On demeure envoûtés par cette pantomime délicate où les êtres communiquent de sensations, de ressentis. La chair, le corps, qui sont si présents dans l’écriture et le travail de Perrine Le Querrec sont ici ramenés à leur sensorialité apaisée, comme s’ils demeuraient retirés du monde, biaisant la violence dont on connaît la peinture si visuelle et effervescente. Ici c’est la présence de ce chien-là, sa chaleur, son reflet encore et son hospitalité.

« chuchotements des vies

répéter l’amour

ancêtres dans le sang

tracer sur les murs les scènes

de chasse de guerre »

Le livre, bel objet disais-je, qui fait se succéder deux types d’écritures. Si la différence est d’abord simplement distinguée par la typographie on comprend assez rapidement qu’elle témoigne d’une communication ininterrompue : ces textes qui se suivent, poèmes ou fragments, se répondent, comme si le second devenait un commentaire qui surgissait de l’extérieur, de cet outre-lieu reculé d’où se disent les présences.

« la terre

gras

elle

l’assiette

sa voix

feuille

sa langue

sa bouche »

Car ce texte dit l’expérience de la solitude et d’une solitude certes partagée mais qui s’érige dans un espace autre, contre le

« le flou partout

la rébellion du corps »

Il est comme l’espace d’une sédition qui a eu lieu et cherche le repos

« petits sanglots se perdre

étreint le coeur et les mâchoires

aucune main ne se tend pour                  vivre

la ramener sur le bon chemin

la terre la détrousse

tant pis pour l’éboulement »

Non comme la promesse brutale et triste d’une désolation et d’un besoin de dépeuplement mais comme l’aspiration au retrait et au retour à la parole de l’intime, d’une parole sensible et sentie plutôt que détournée et contournée, d’une expression qui soit dans la plus légère signifiance et touche pourtant au plus juste.

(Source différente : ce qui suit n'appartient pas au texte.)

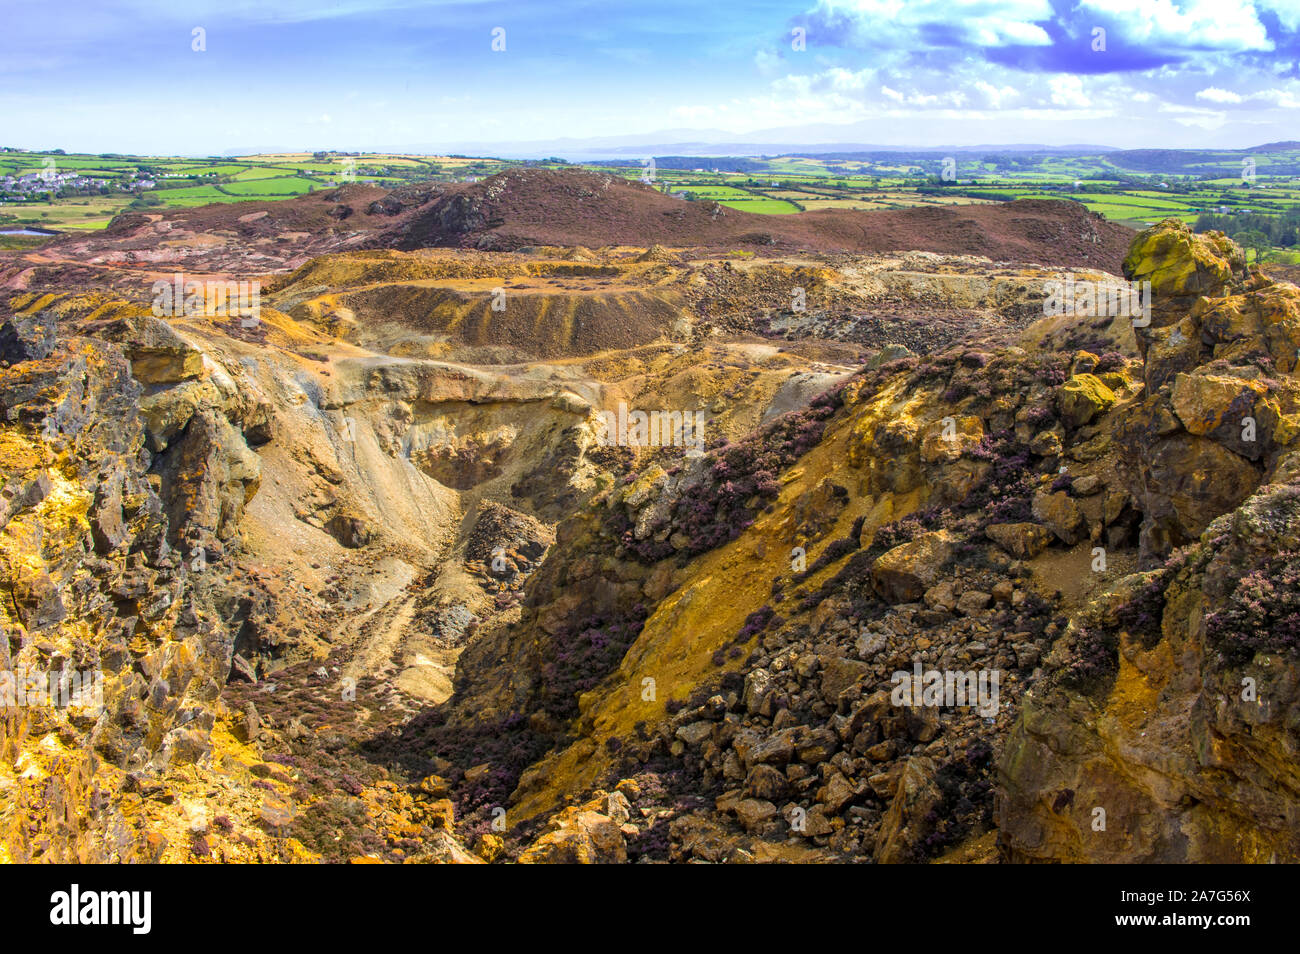 The quarry where copper ore was mined, the ore and spoil were removed using manual labour and hand tools. Stock Photo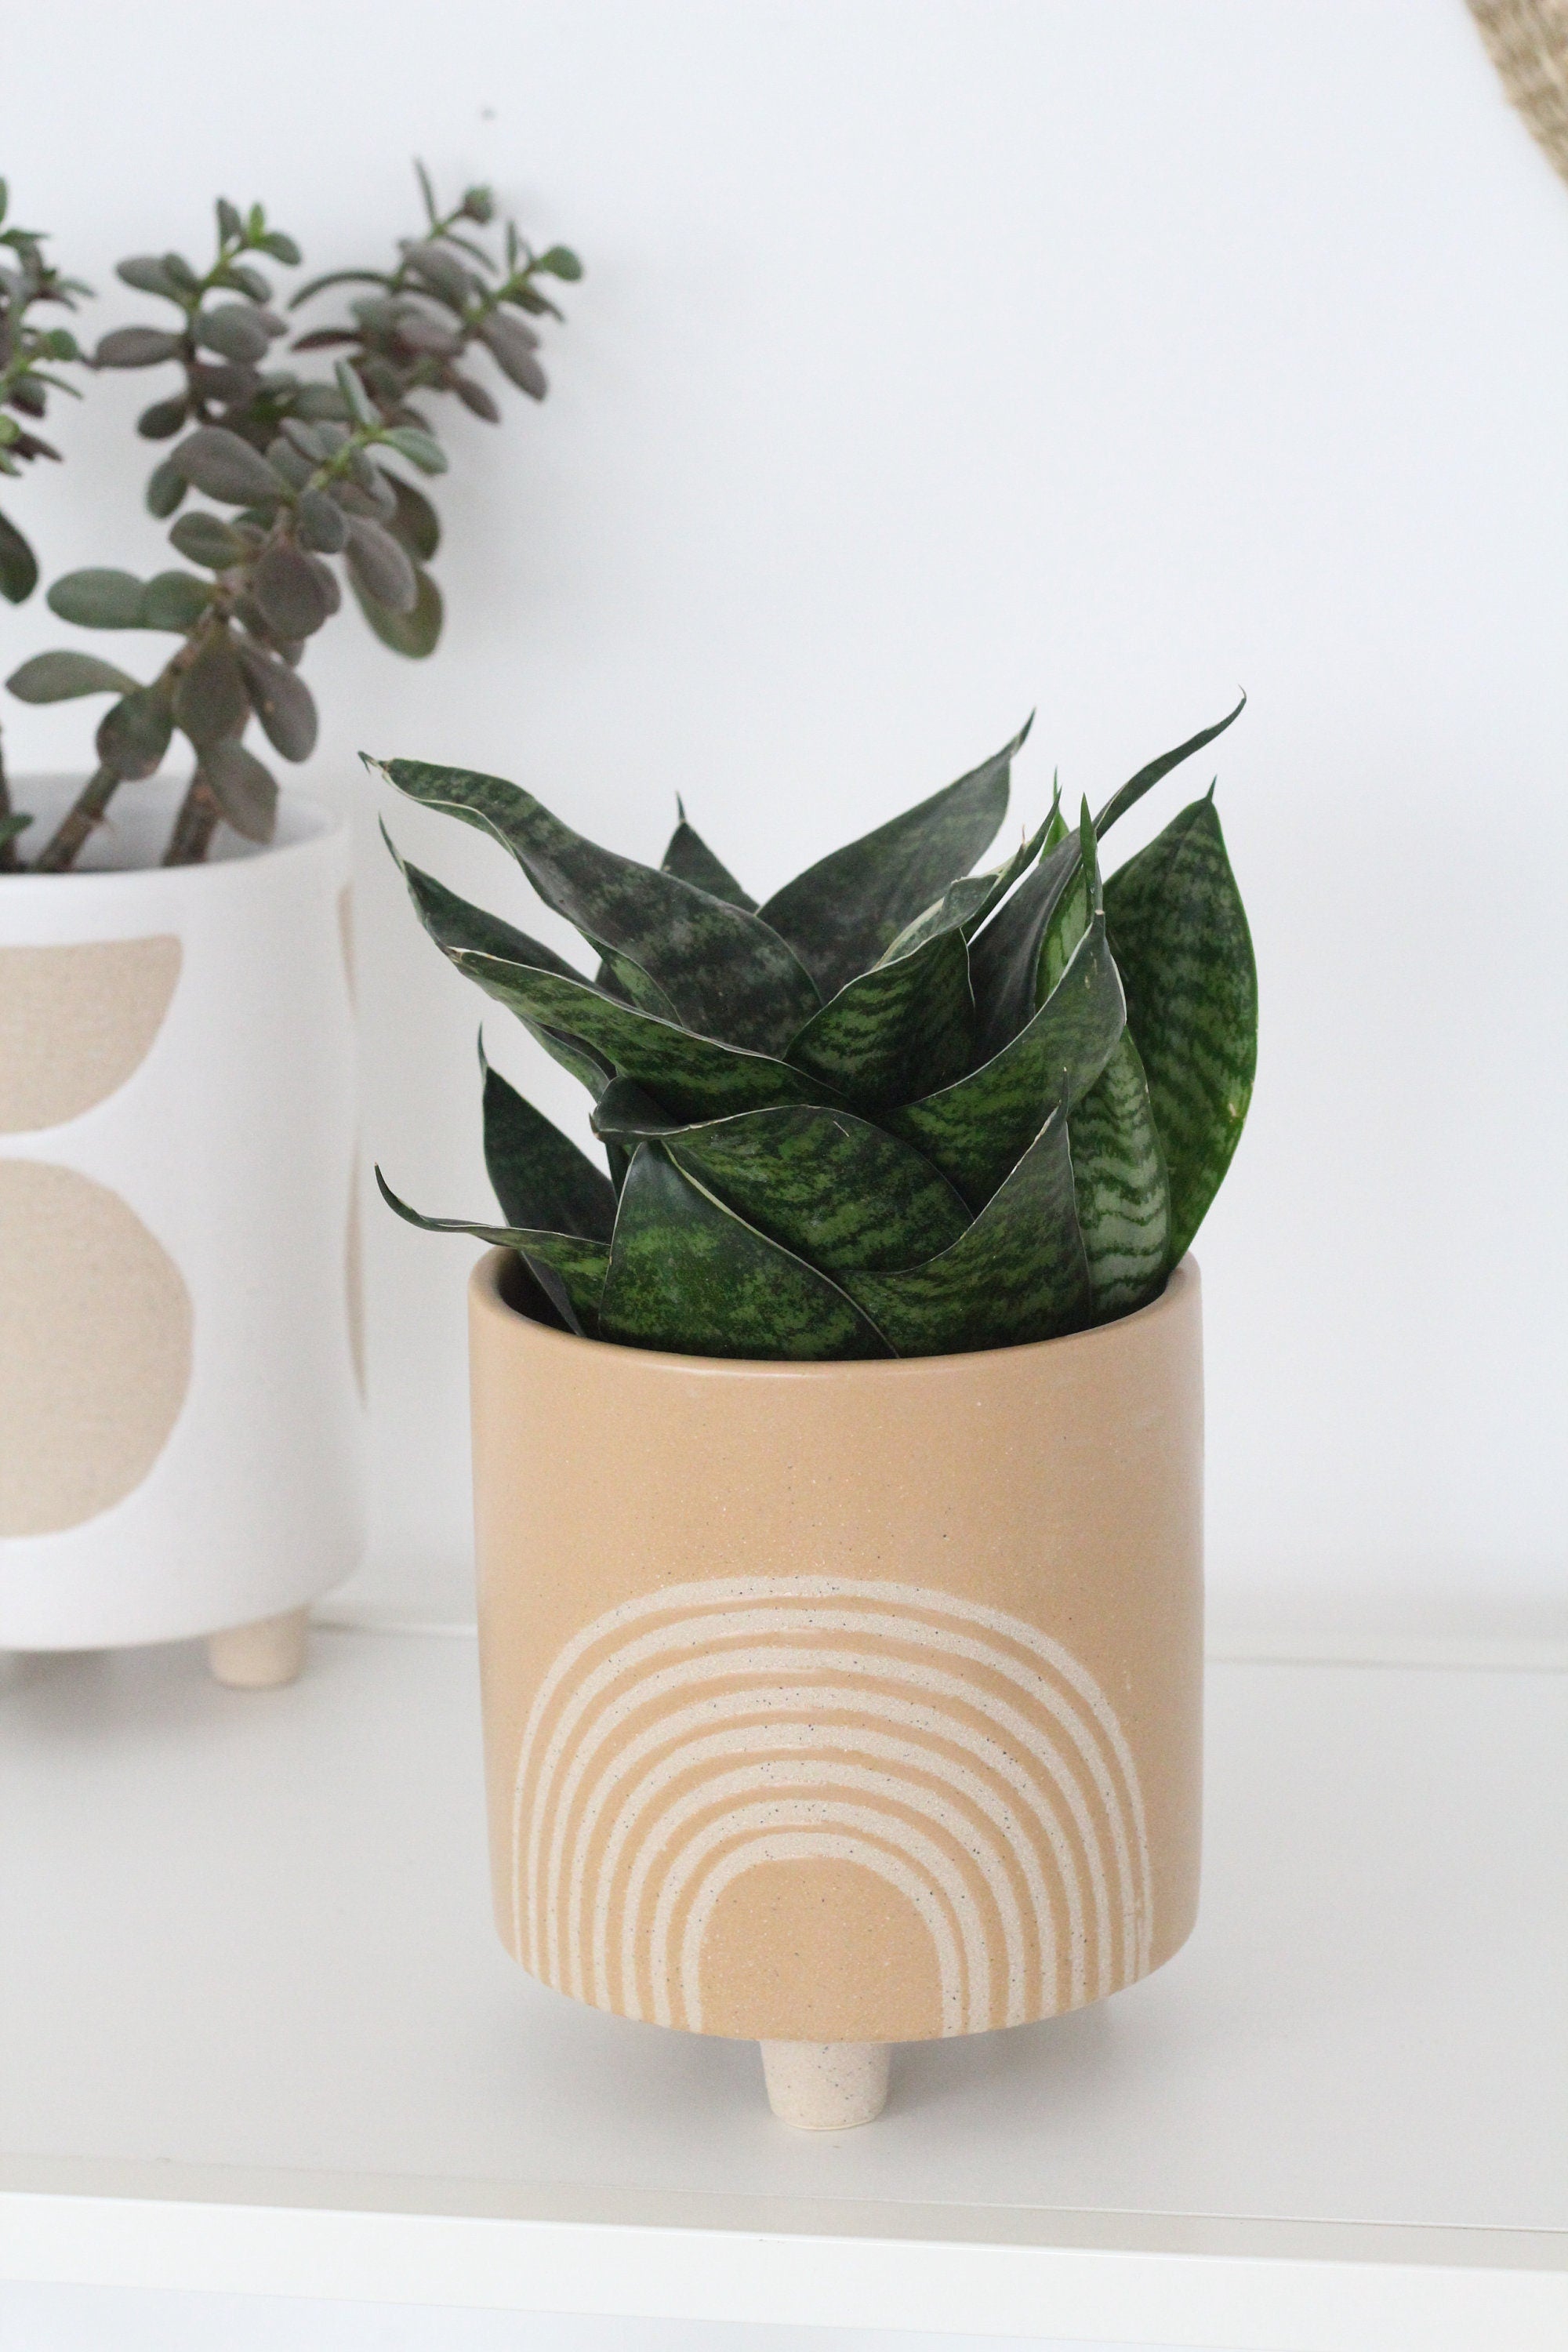 Beige Neutral Ceramic Planter Pot on Feet - Circle and Arch Emboss

« soleil apprivoisé de caresses

sur le museau

renversée

l’ombre double devance

coule de tronc en tronc

puis regarder le ciel

souvent les yeux au ciel »

Joie de découvrir une autre palette de l’écriture de Perrine Le Querrec, qui décidément étoffe le verbe et le poème. Joie de la beauté de cette Fille du chien, aux éditions des Lisières, qui nous place au plus près de la rareté précieuse du mot pour l’expression poétique qui dit l’intime.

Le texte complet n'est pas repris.